Distribute

The distribute function provides a flexible mechanism for distributing a list of items into sublists according to a set of Rangy count specifications. This is particularly useful when dealing with data segmentation tasks where the number of elements in each segment can vary within defined constraints.

Basic Usage

The simplest use case involves distributing items according to a list of Rangy objects representing the desired counts for each sublist:

from rangy import Rangy, distribute

items = [1, 2, 3, 4, 5, 6, 7, 8, 9, 10]
counts = [Rangy(1), Rangy("2-4"), Rangy("*")]  # 1 item, 2-4 items, the rest

result = distribute(items, counts)
print(result)  # Output: [[1], [2, 3, 4], [5, 6, 7, 8, 9, 10]]

Handling Separators

In scenarios where the input list contains separators that delimit logical segments, distribute can intelligently handle these boundaries. The function ensures that separators are not included in the distributed sublists and that segment boundaries are respected.

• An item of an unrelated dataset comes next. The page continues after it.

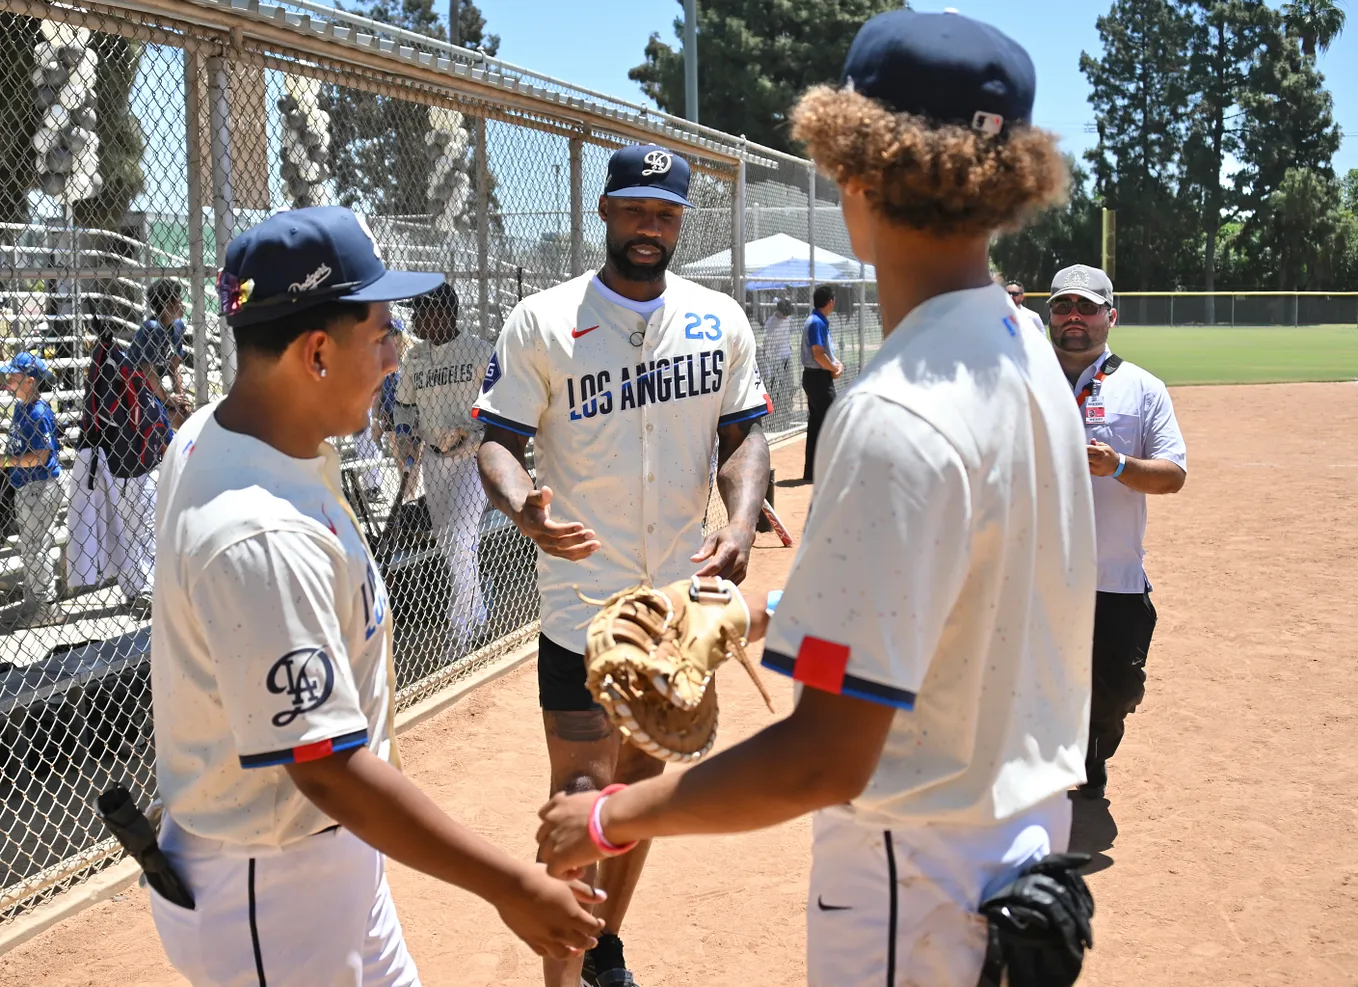 LADF’s Dodger Dreamteam, joined by players and legends, are first to take the field in Nike City…

items_with_separator = [1, 2, "--", 3, 4, 5, 6, "--", 7, 8, 9, 10]
counts_with_separator = [Rangy("1-2"), Rangy("4-6"), Rangy("2-5")]

result_with_separator = distribute(items_with_separator, counts_with_separator)
print(result_with_separator)  # Output: [[1, 2], [3, 4, 5, 6], [7, 8, 9, 10]]

Unbounded Counts

distribute supports unbounded counts using the * and + specifications within the Rangy objects. * represents “zero or more,” while + represents “one or more.” When an unbounded count is encountered, distribute allocates the remaining items to that sublist after satisfying the constraints of the other specified counts.

items = [1, 2, 3, 4, 5, 6]
counts = [Rangy(1), Rangy("*")]  # One item, then the rest.

result = distribute(items, counts)
print(result)  # Output: [[1], [2, 3, 4, 5, 6]]

Multiple Unbounded Counts

If multiple unbounded counts are specified, distribute distributes the remaining items among them proportionally. This ensures that no single unbounded count consumes all the remaining items unless it is the only unbounded count.

items = [1, 2, 3, 4, 5, 6, 7, 8]
counts = [Rangy(1), Rangy("*"), Rangy("*")] # One item, then split the rest

result = distribute(items, counts)
print(result)  # Output: [[1], [2, 3, 4], [5, 6, 7, 8]] (approximately even split)

Edge Cases and Behavior

  • Insufficient Items: If there are fewer items than required by the minimum specified counts, distribute will raise a ValueError.

  • Empty Counts List: If an empty list of counts is provided, distribute will return an empty list of sublists.

  • Separator Handling with Non-String Separators: If your separator is not a string type, you will need to provide a separator_type for it to be correctly excluded from the output sublists.

items_with_int_separator = [1, 2, 3, 4, 5]
counts = [Rangy(2), Rangy(1)]  # Expect: [[1, 2], [4]]
separator = 3
separator_type = int
result = distribute(items_with_int_separator, counts, separator=separator, separator_type=separator_type)